I agree RonE. I also work with a group that does public education. The focus is to teach children to be safe around dogs. You are right, it should be the parents job to teach the child to be safe around dogs but sadly, few do. Many of the ones that do, make the children terrified of strange dogs, which to me is also a bad thing.


----------



## KBLover (Sep 9, 2008)

Inga said:


> Few things more frustrating then the parent that thinks their kid has the right to do anything they want to your dog. My dogs are well socialized and friendly toward children but I do not like sneak attacks on my dogs. Lucky for everyone, my dogs to date have not minded the sneak attacks but it simply is not fair to the dog or to the dog owner for parents to allow this.


Agreed. 

Fortunately, the kids that show interest around here are either ones Wally knows (and thus tolerates) or usually ask.


----------



## Zoopie (Feb 22, 2010)

Sendiulino said:


> This is another situation I'd get less-than-polite. "No, the worst thing that happens is three days from now you're attending the funeral for your own son."
> 
> I just don't tolerate stupidity



And I know I'll be responsible if something happens. 

Dexter loves kids. He is happy to be pet, when it's done correctly. If he feels overwhelmed or too happy about it, he jumps. Teens around town can go see him whenever they want and they play with him often, since they don't mind if he does end up jumping and they know him well. I'm really careful with kids under 10 though. Accidents could end badly if he jumps or start spinning in circles out of joy. One little girl on my street constantly asks me to pet him. I always tell her to ask again after the walk and if he's calm, she can. I sit next to the dog, pet his head to make sure he doesn't get too excited and she pets him. Sadly for me, most little kids think it means they are allowed too (and often without my supervision).

Adults are never an issue. Dexter is afraid of men. If one pets him during a walk, he'll hide behind me and cry. If I'm not with the dog, he'll pee and shake. He usually hides first with women too, but he can choose to go for it after a bit of hesitation.

So really...my main issue is with kids under 10. And since Dexter looks like a giant teddy bear, they are often the ones going for it.


----------



## LazyGRanch713 (Jul 22, 2009)

I like the idea of wearing a vest that says "NO PETTING" or something like that. Sadly, even that won't work for all people. Just ask anyone who has had to navigate the streets with a service or seeing eye dog. At least it should help with most people.

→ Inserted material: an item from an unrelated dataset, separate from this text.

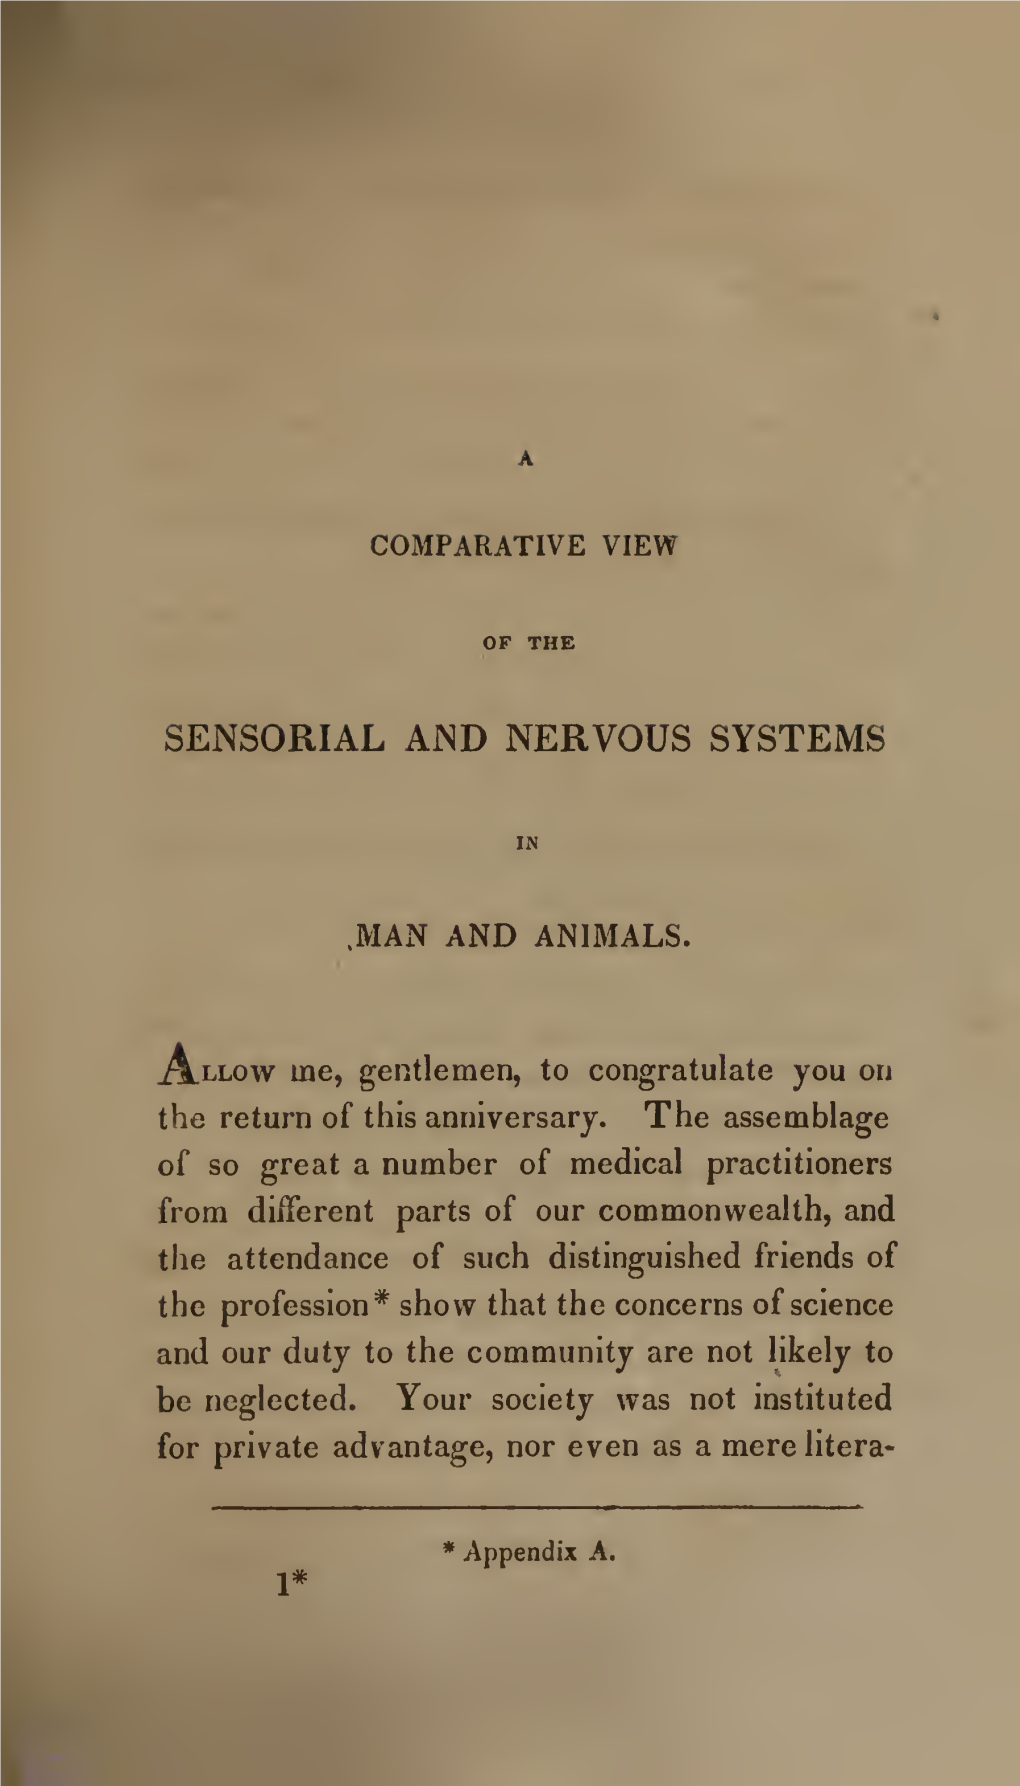 Sensorial Ajnd Nervous Systems
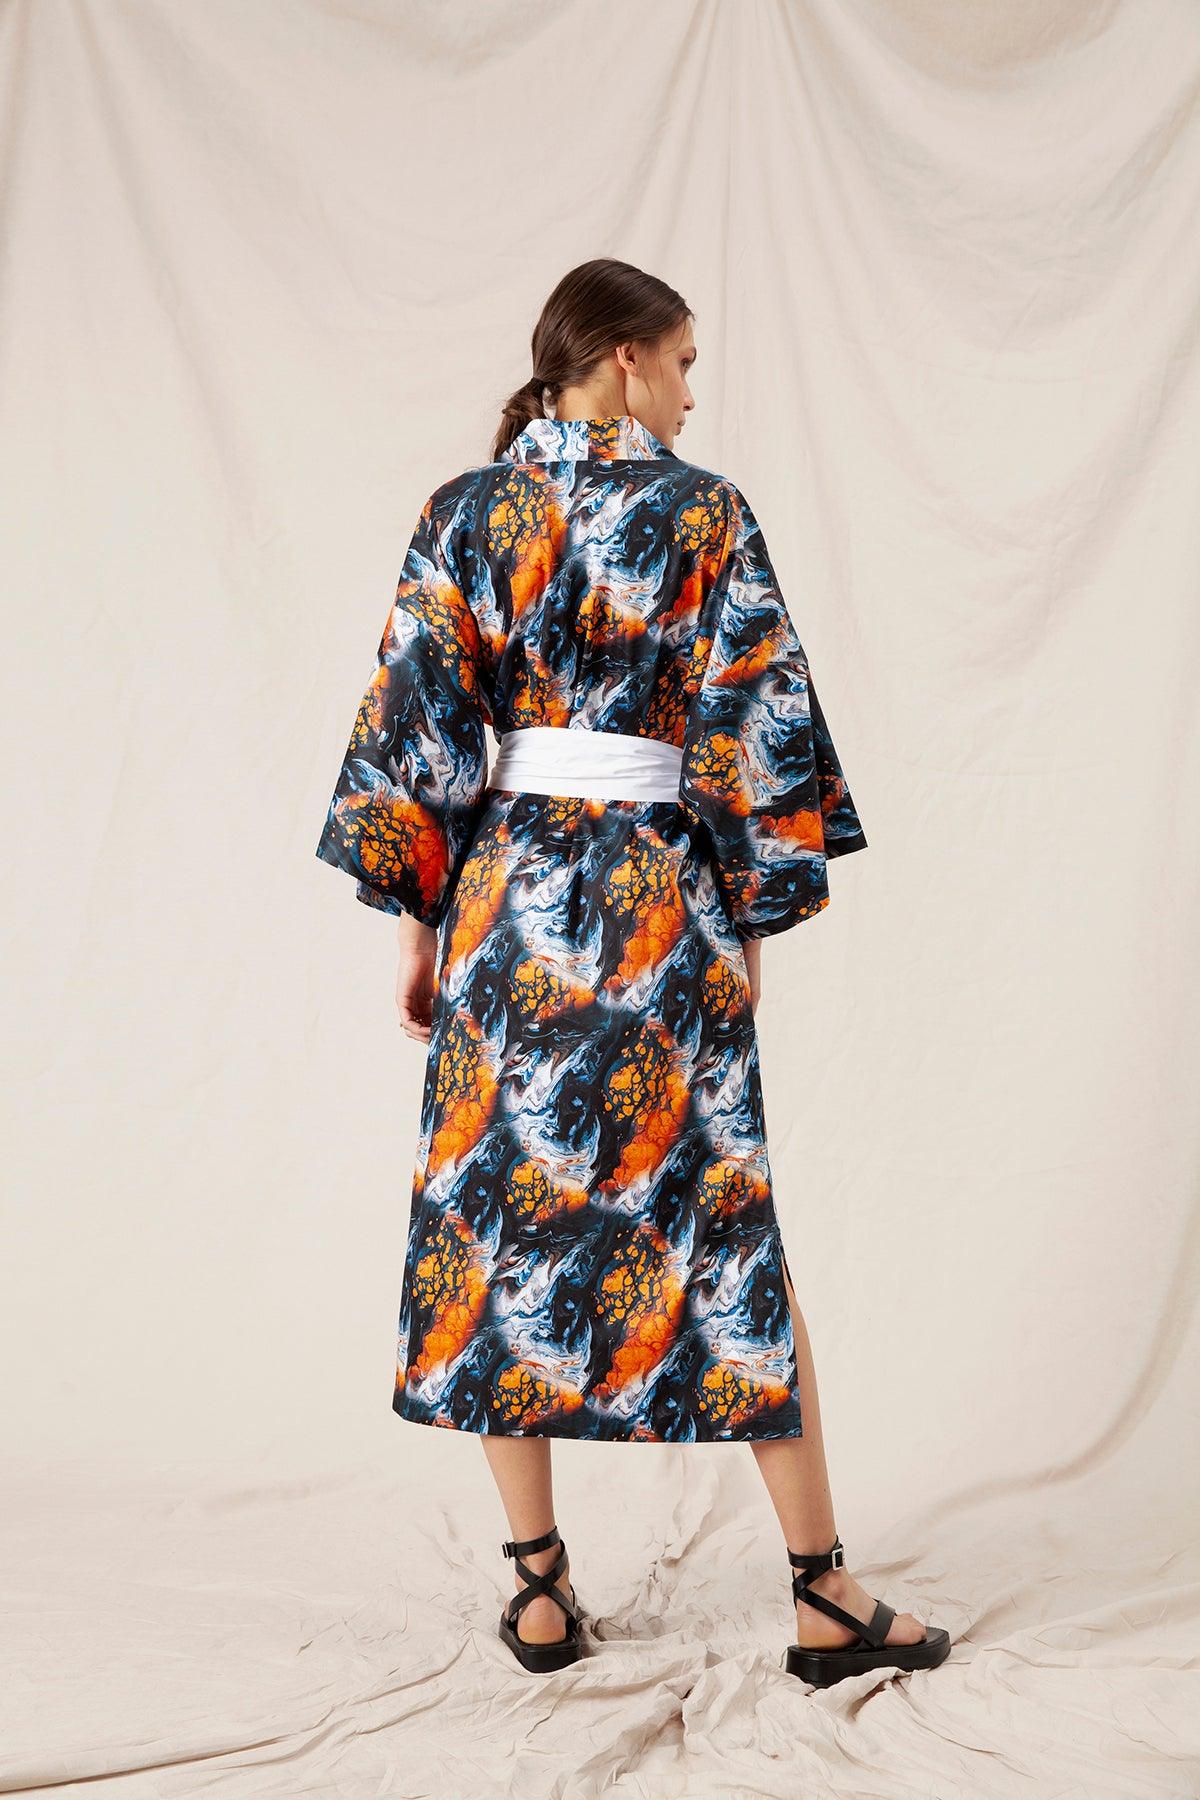 Hermonie's Kimono by Ladiesse

A family friend had a seeing eye dog for years, I groomed her (she was a GSD). Once she was gone, it was marveling to stand back and watch he and his new dog learn to work together. It was really cool, and apparently (for the most part) people left them alone. 
Another friend of mine has a Service Dog, a Golden. When he's out of harness, he's a typical dog who runs through the house, gets in trouble occasionally, and actually reminds me a bit of my GSD. When he's in harness, he's all business. When I'm out with this friend and the dog is in harness, he greets me very quickly then ignores me. When we go for a recreational walk and he's out of harness, he's a stinker and is an attention hog. It's really quite cool to see how they know the difference. If strangers pet him out of harness, he's wiggly, insane, happy, etc. If a rude stranger starts petting him while he's IN harness, he's cordial and that's it.


----------



## CricketLoops (Apr 18, 2011)

Being a serial dog petter myself, I really sympathize with the people who seem to have a compulsive need to pet every dog they see. I also sympathize with the kids who don't know the right way to approach a strange dog and the importance of asking permission first... as I was one of those, too. It's not really my parent's fault -- they tried VERY hard to get it into my brain that I needed to ask first, and "OMG! DOGGY! -runs to pet-" was completely inappropriate. I eventually learned that I needed to ask first, but even then it was an ask-while-arm-extended-moving-closer type of thing. In the end it was a very nice man and his huge malamute that somehow managed to teach me the concept. 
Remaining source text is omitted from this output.